To plot the outcome, we rename the species arbitrarily as $1$, $2$, and $3$ using a dictionary.

In [15]:
species2number = Dict("Iris-setosa"=>1, "Iris-versicolor"=>2, "Iris-virginica"=>3)
truth = map(i -> get(species2number,i,0), species)
ptruth = scatter(X[:,1], X[:,2], 
    marker_z=assign, legend=false, seriescolor=:lightrainbow, title="truth")
plot(ptruth, p3clust, layout=(1,2), size=(750,375))
Out[15]:

This time we get a perfect outcome...

Determining the appropriate number of clusters is not a straighforward problem. To quote Wikipedia:

The correct choice of $k$ is often ambiguous, with interpretations depending on the shape and scale of the distribution of points in a data set and the desired clustering resolution of the user. In addition, increasing $k$ without penalty will always reduce the amount of error in the resulting clustering, to the extreme case of zero error if each data point is considered its own cluster (i.e., when $k$ equals the number of data points, $n$). Intuitively then, the optimal choice of $k$ will strike a balance between maximum compression of the data using a single cluster, and maximum accuracy by assigning each data point to its own cluster.
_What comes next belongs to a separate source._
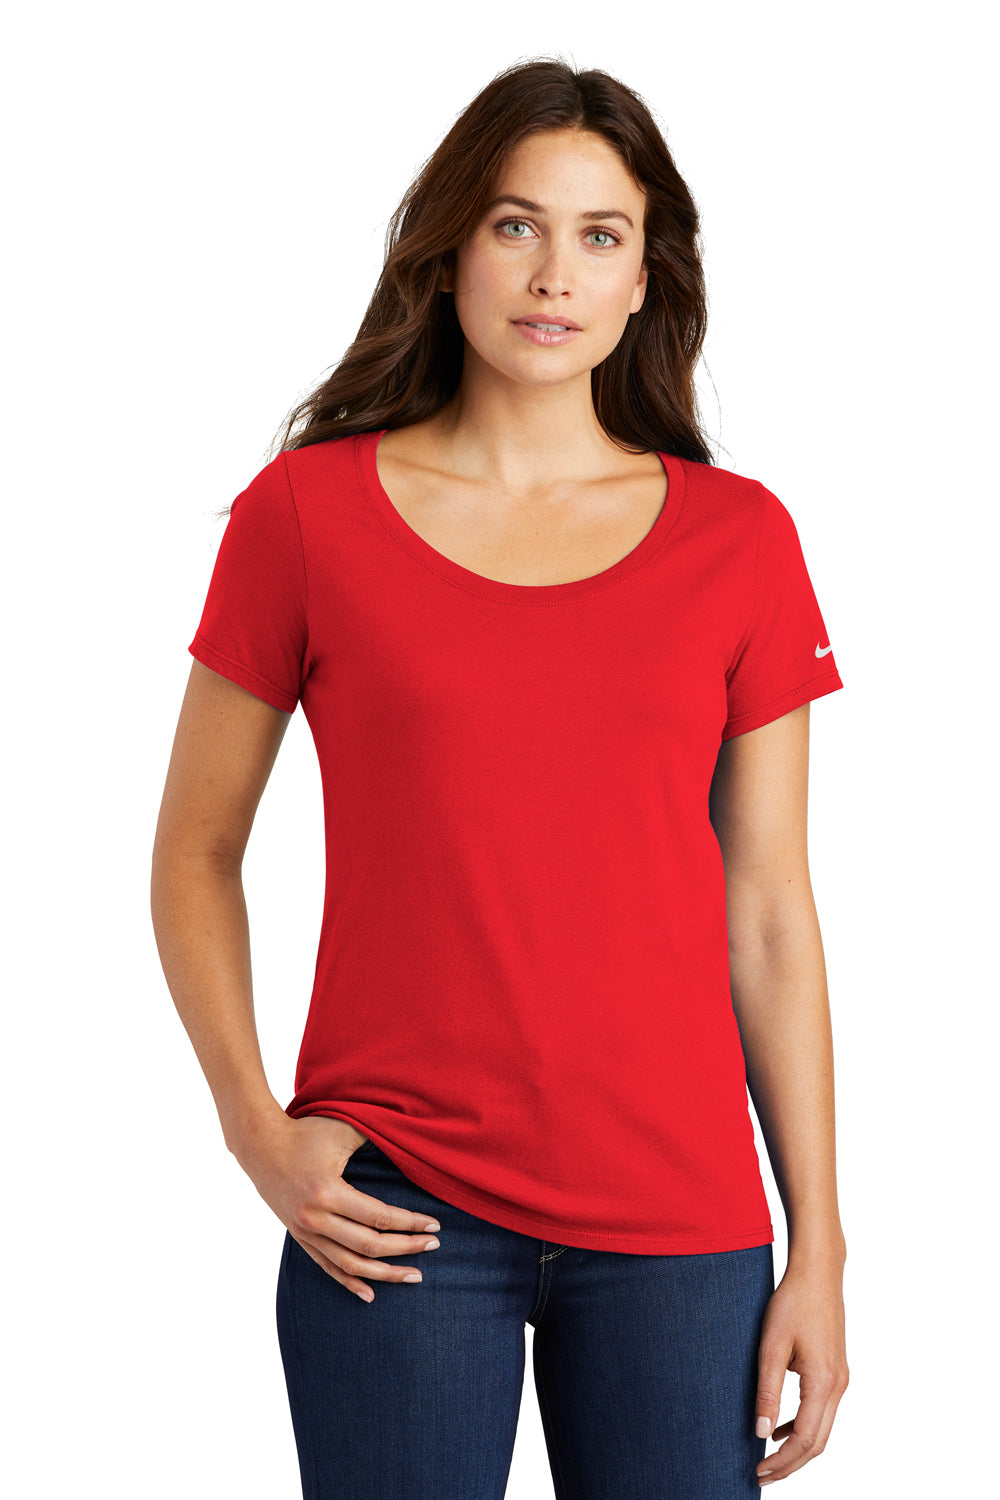 Nike NKBQ5236 Womens Core Short Sleeve Scoop Neck T-Shirt Red Front

If an appropriate value of $k$ is not apparent from prior knowledge of the properties of the data set, it must be chosen somehow. There are several categories of methods for making this decision.

In practice, several heuristic approaches are in use. Other approaches to clustering, e.g. DBSCAN and hierarchical clustering, do not require a number of clusters as input.